BRIEF -
All of the data should be restated word for word, with the pictures omitted.

SUPPLIED INFORMATION -
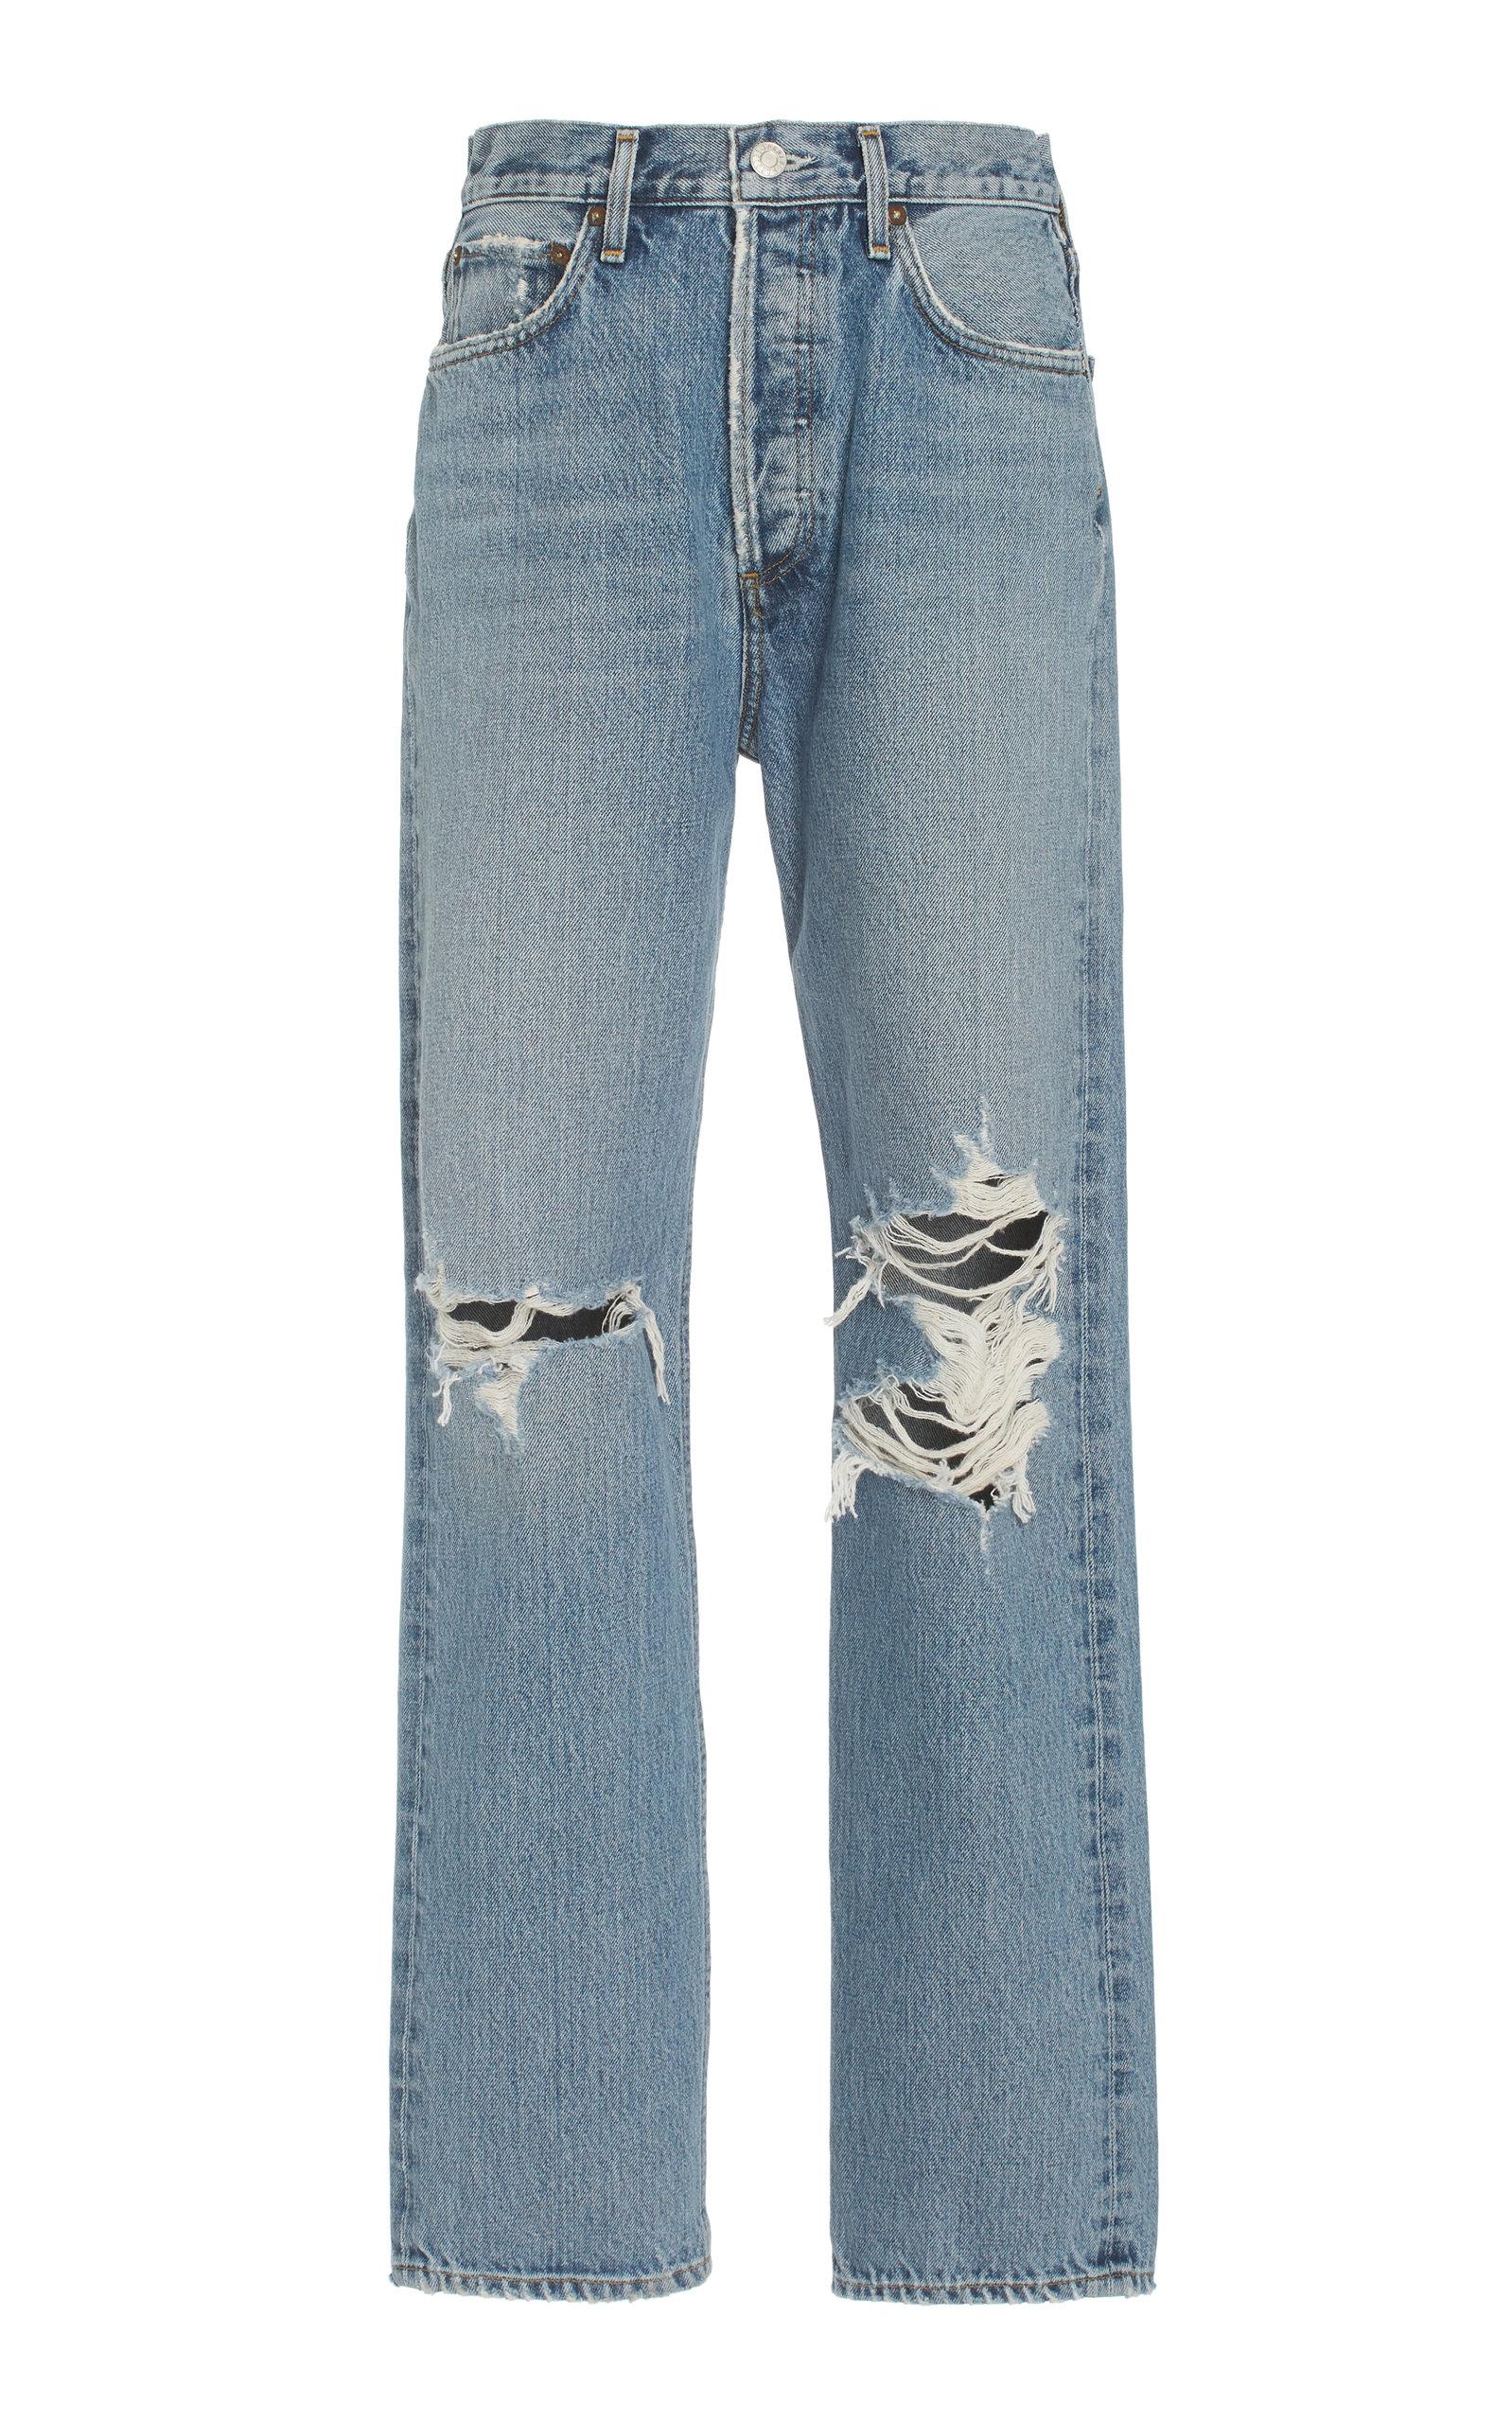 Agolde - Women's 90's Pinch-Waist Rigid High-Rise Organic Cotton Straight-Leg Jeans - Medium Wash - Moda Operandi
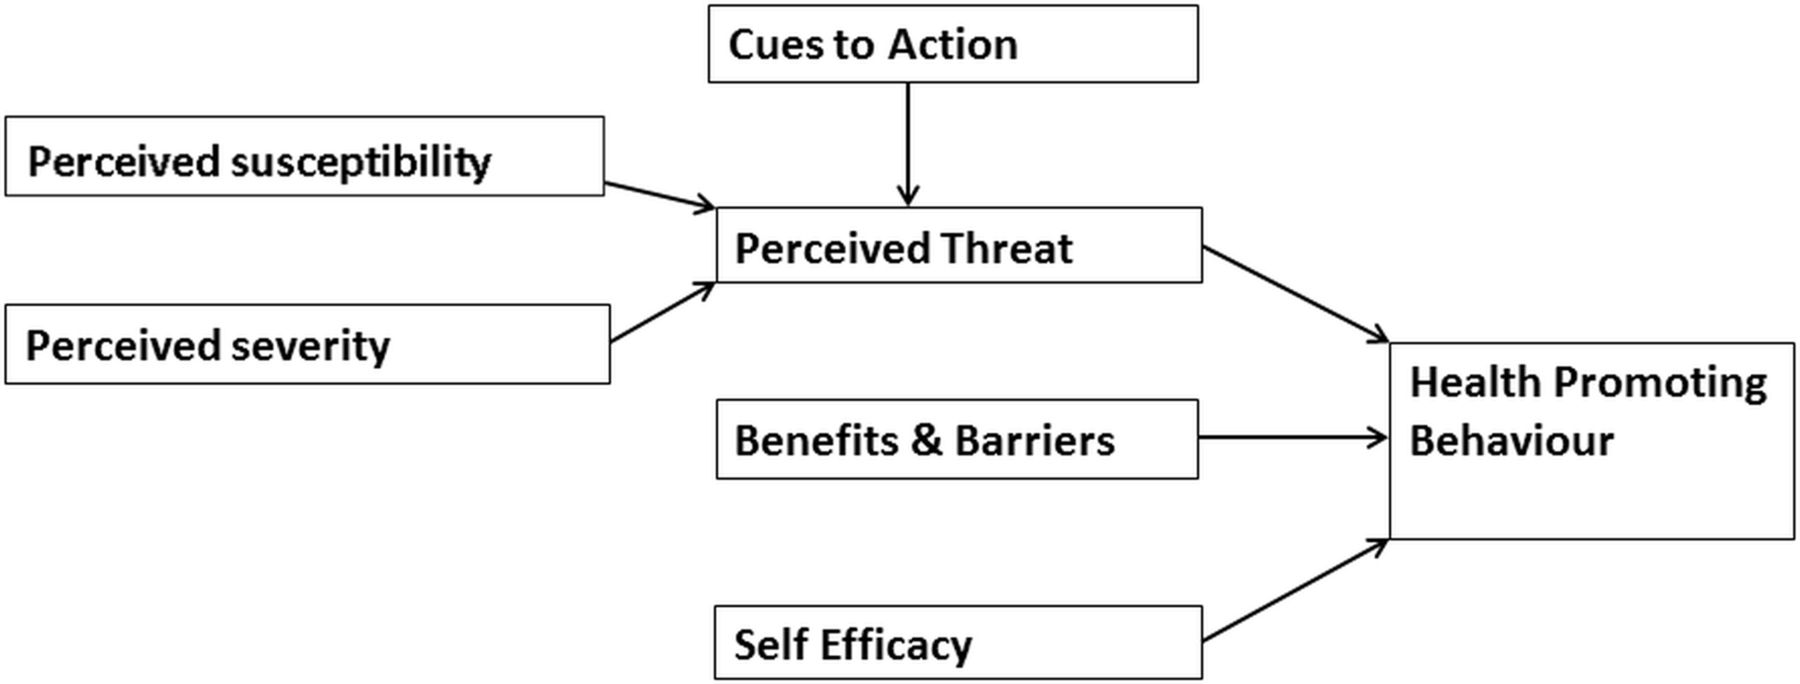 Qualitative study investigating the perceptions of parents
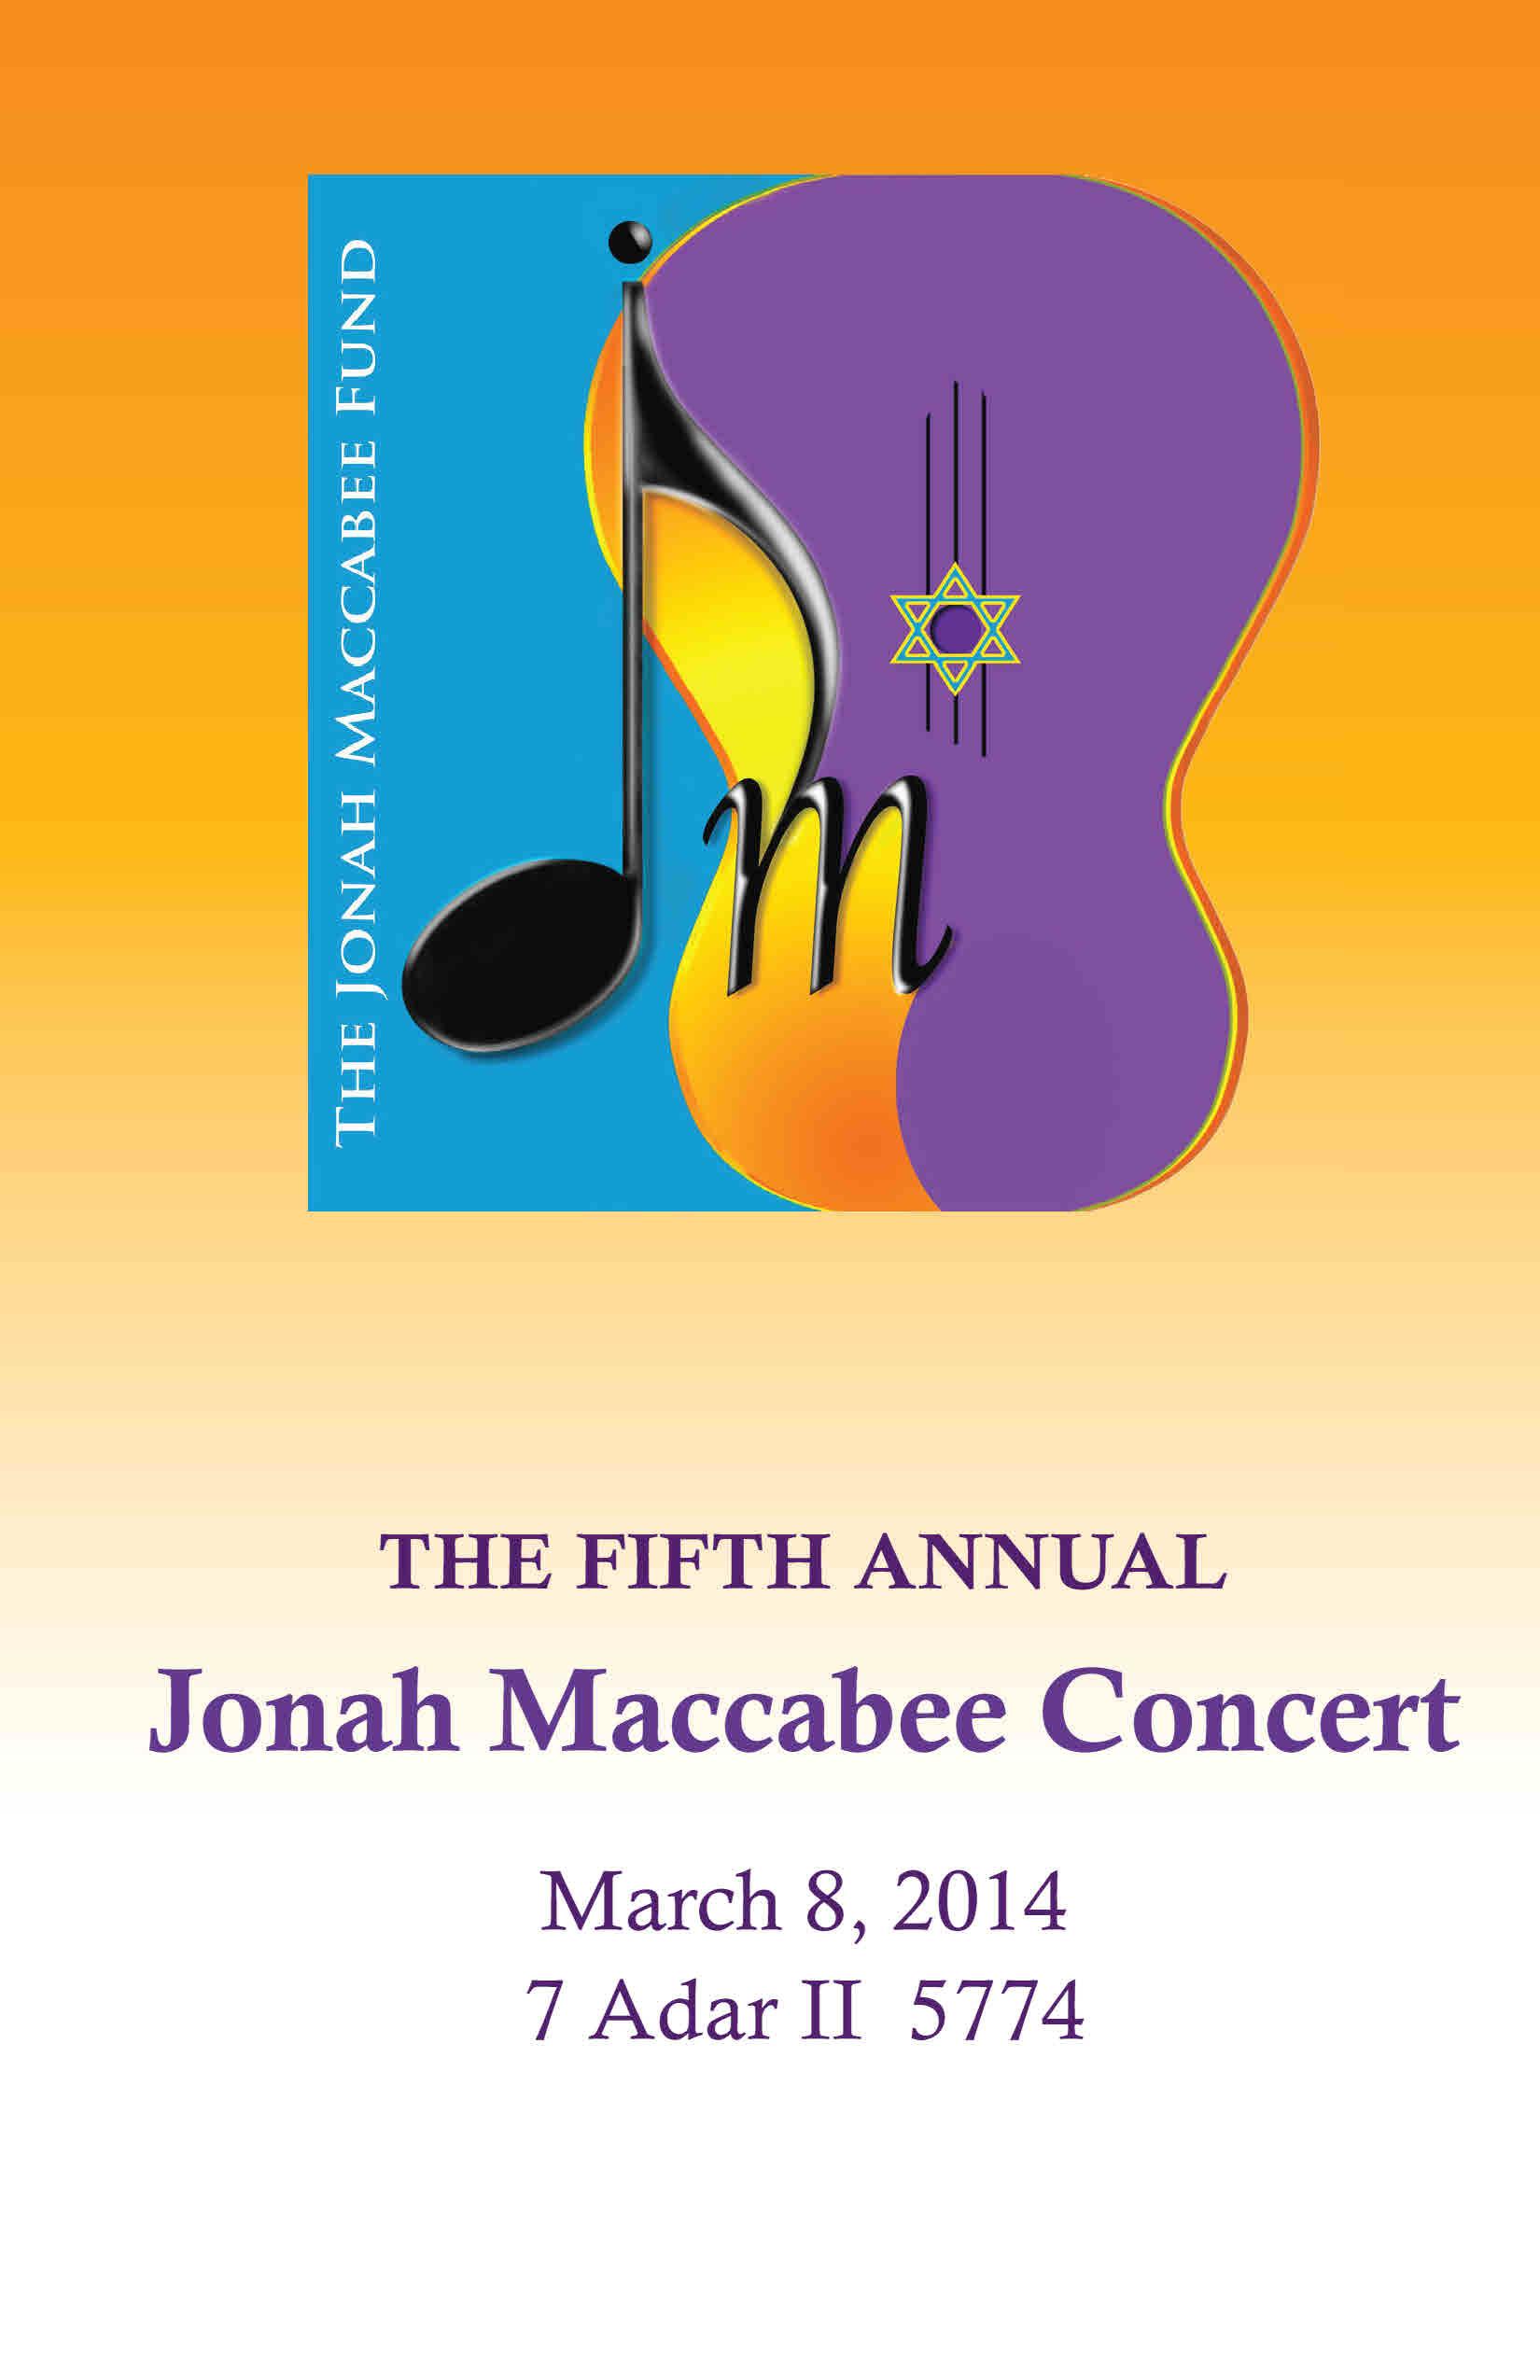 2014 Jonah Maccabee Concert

ANSWER SPACE -
 Agolde - Women's 90's Pinch-Waist Rigid High-Rise Organic Cotton Straight-Leg Jeans - Medium Wash - Moda Operandi
 Qualitative study investigating the perceptions of parents
 2014 Jonah Maccabee Concert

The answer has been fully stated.